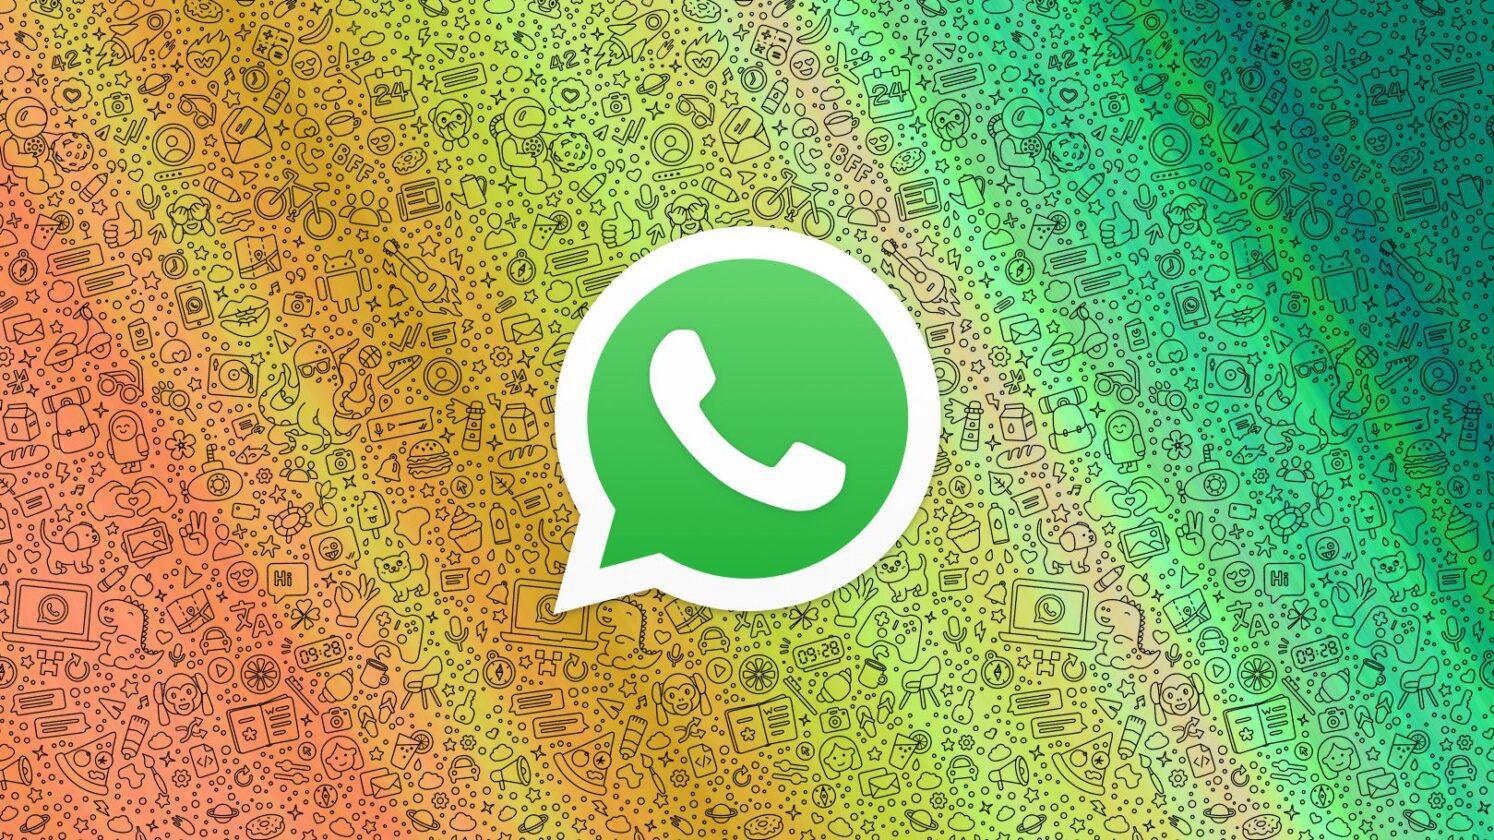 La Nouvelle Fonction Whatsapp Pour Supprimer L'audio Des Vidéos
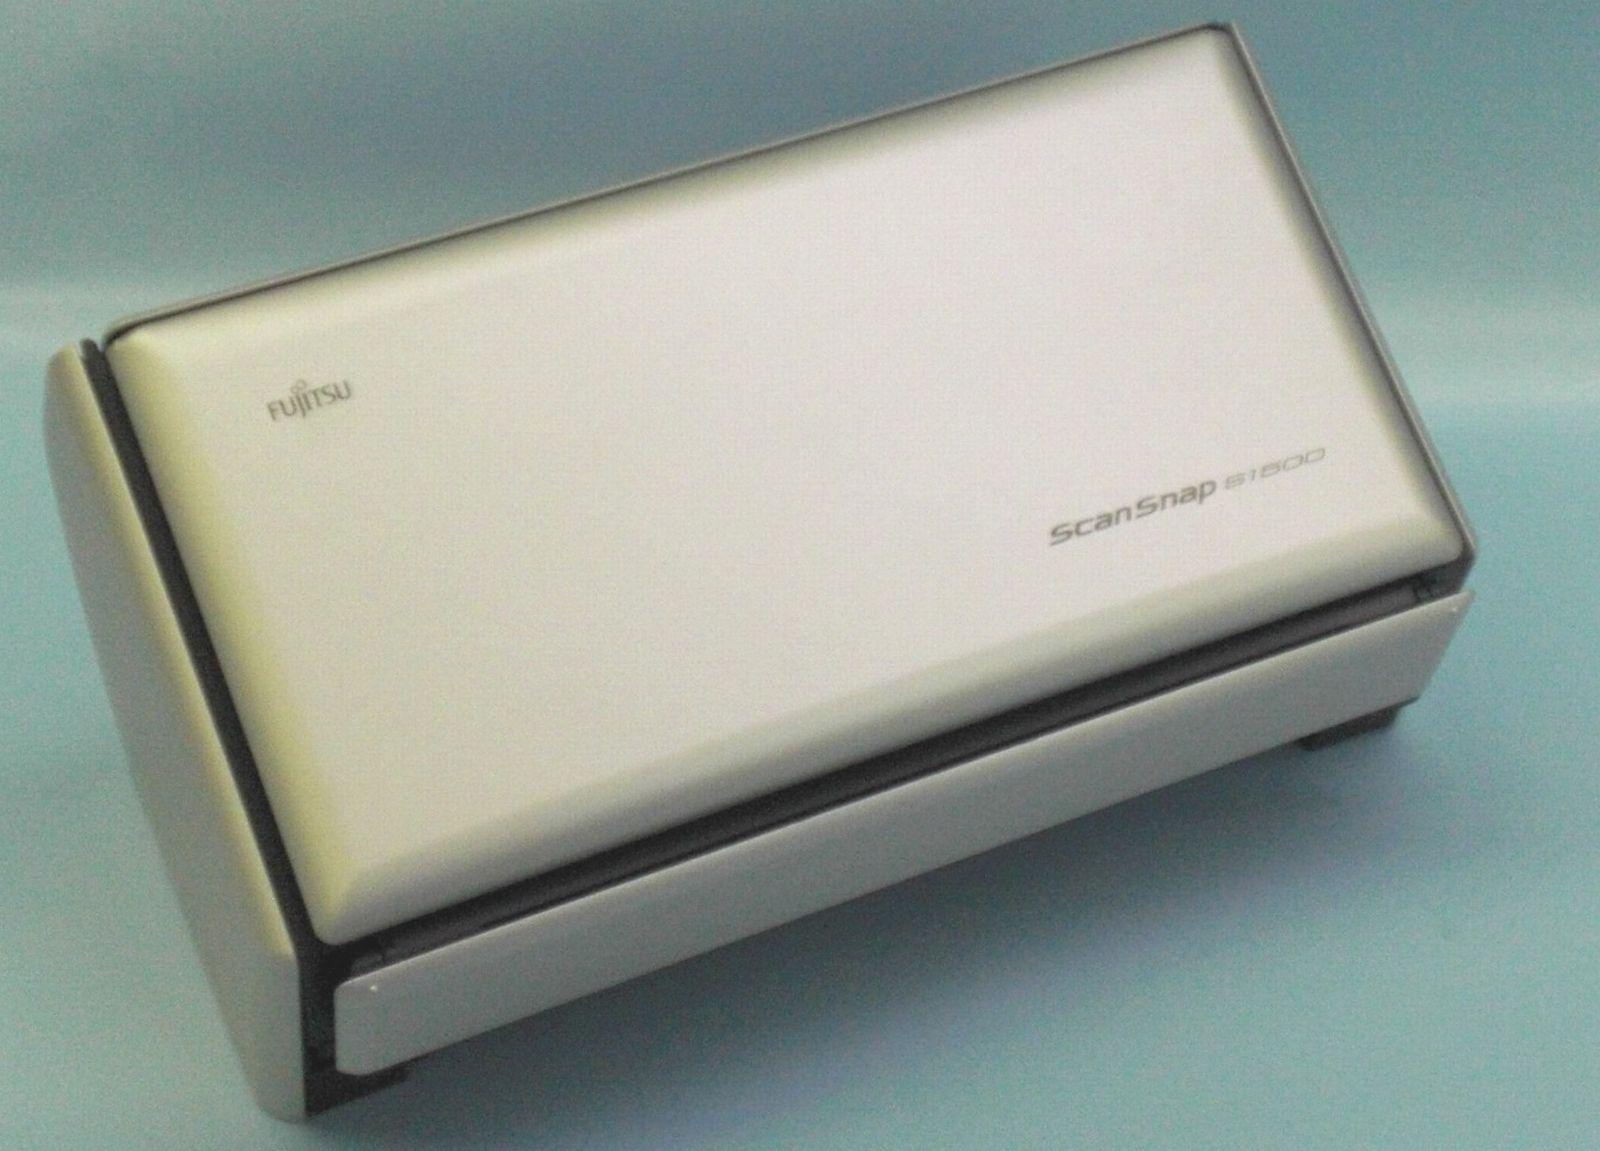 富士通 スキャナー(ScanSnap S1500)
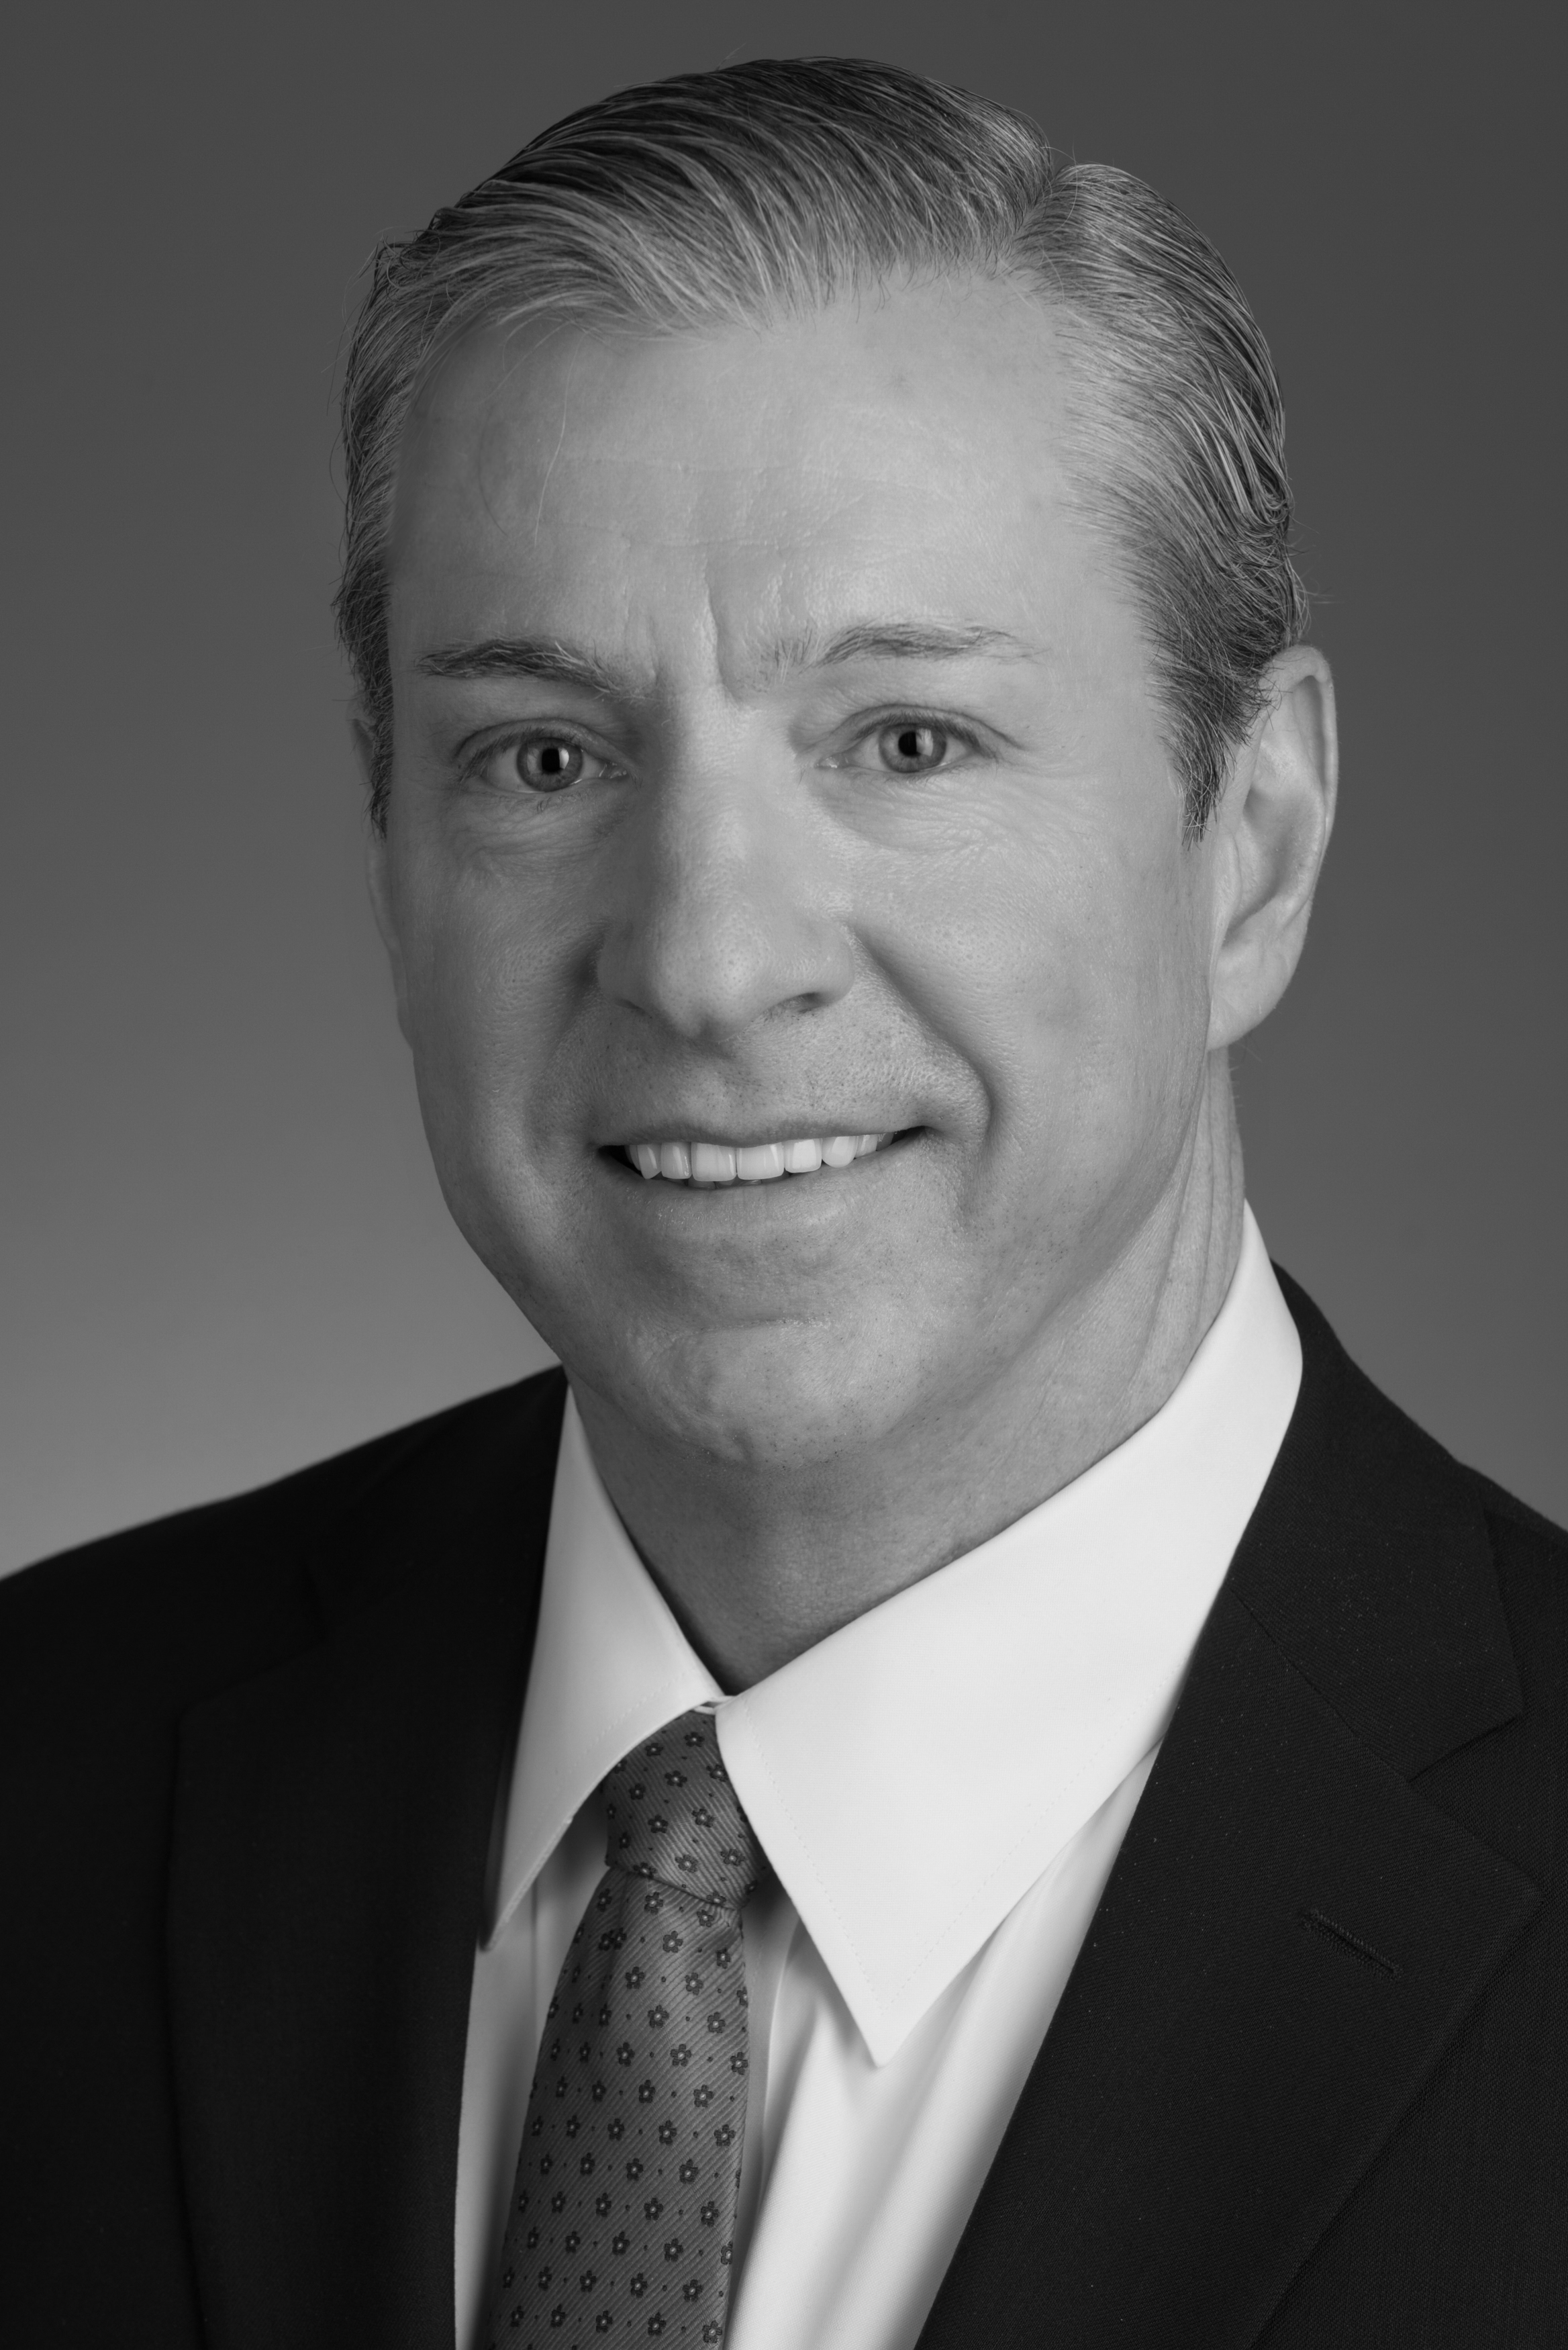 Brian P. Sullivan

┄┄┄┄┄┄┄┄┄┄┄┄┄┄┄┄┄┄┄┄

Retype the whole listing. Keep every word exact but include no pictures.

 La Nouvelle Fonction Whatsapp Pour Supprimer L'audio Des Vidéos
 富士通 スキャナー(ScanSnap S1500)
 Brian P. Sullivan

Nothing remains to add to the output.